Common Cause, A Petitioner in Section 66A case, Welcomes Supreme Court Judgment
Common Cause, a registered society which takes up public causes on behalf of the citizens of India, has welcomed the momentous Supreme Court judgment striking down Section 66A as unconstitutional. Apetitioner in this case, Common Cause, had filed its writ petition challenging the Constitutional validity of Sections 66A, 69A and 80 of the Information Technology Act 2000 (as amended in 2008) in January 2013.
Common Cause believes that the Supreme Court bench of Justices Chelameswar and R.F. Nariman,which upheld the freedom of expression striking down Section 66A, has delivered a landmark judgment with far reaching consequences and a direct bearing on the citizens’ right to free speech enshrined in the Constitution. It is very significant that the bench has differentiated between discussion, advocacy and incitement, which is like an endorsement of the value of dissent and deliberation in democracy.
The Common Cause is among many civil society organisations which have been up in arms against Section 66 A because it gives the police powers to arrest anyone under the pretext of policing ‘objectionable’ content online.

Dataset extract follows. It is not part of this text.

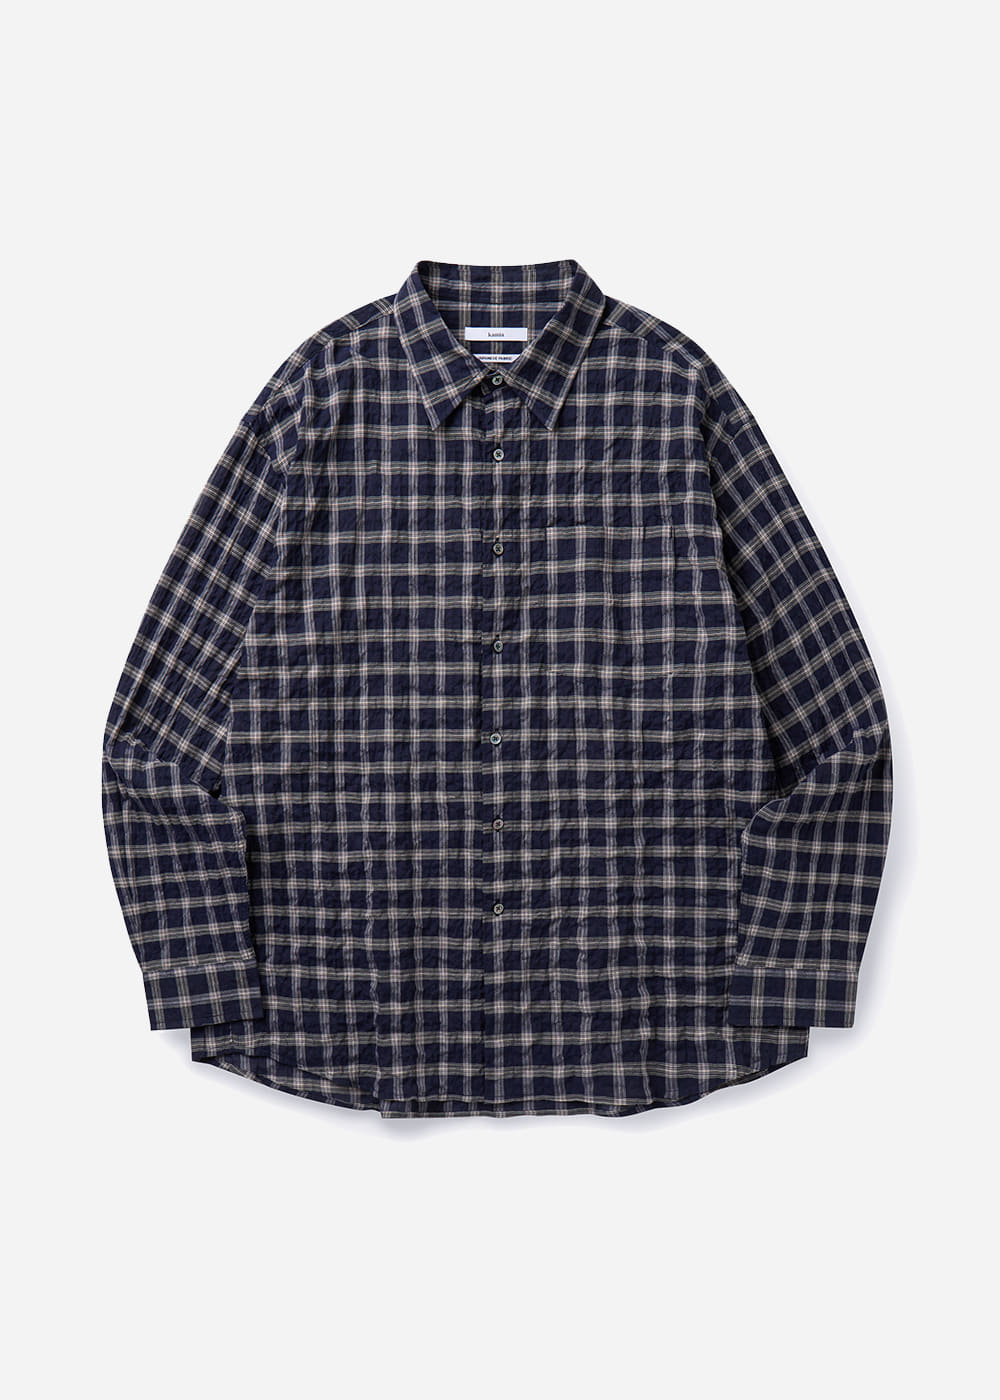 [PRE-ORDER] JAPANESE CRINKLE CHECK EDITOR SHIRTS [NAVY]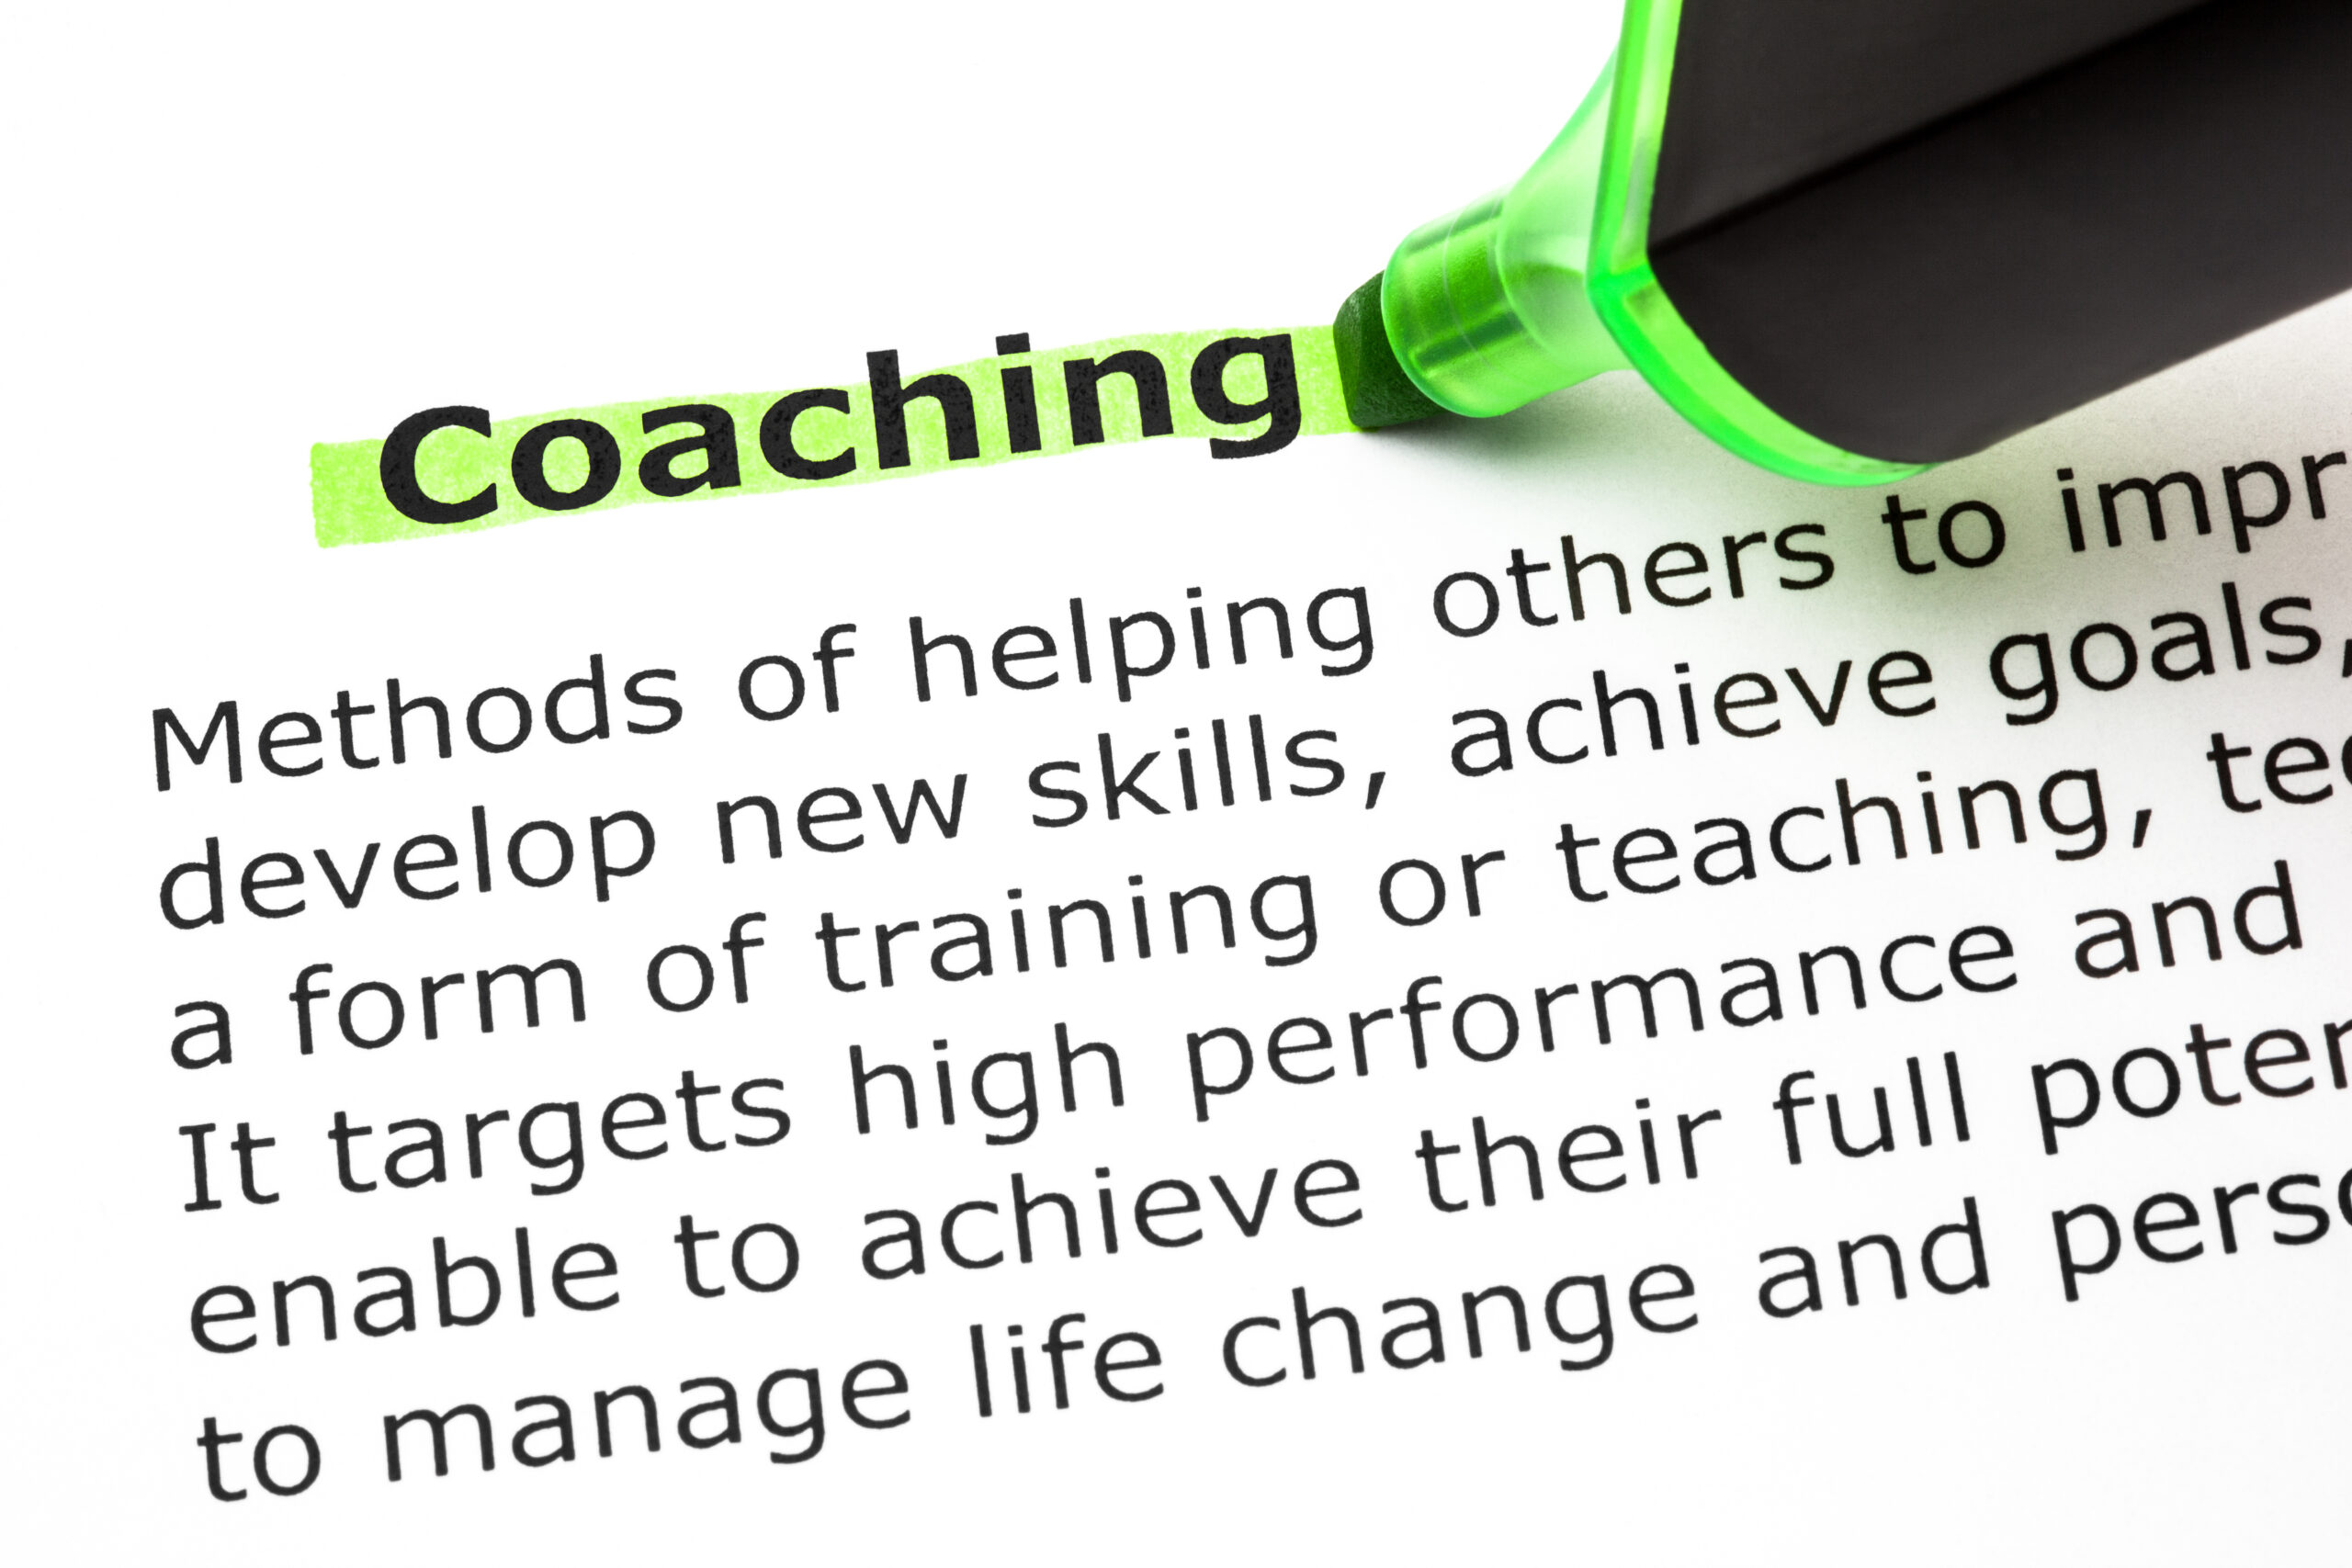 coaching benefits to transform people and achieve goals

The provision of three year jail term also makes it easy for the police to harass citizens for most innocuous acts such asdisagreeing with politicians, questioning those in authority or making fun of them or for even “liking” someone else’s post perceived as “objectionable.” The Court rightly found the language of the Section nebulous and unclear without proper definition of what is “offensive.”
Common Cause is a supporter of freedom of speech, and other democratic rights and opposes unilateral government action such as blacking out dissent, blocking of websites without giving any reasons or notice to citizens or, for that matter, the right of the police to enter or search any place without warrant.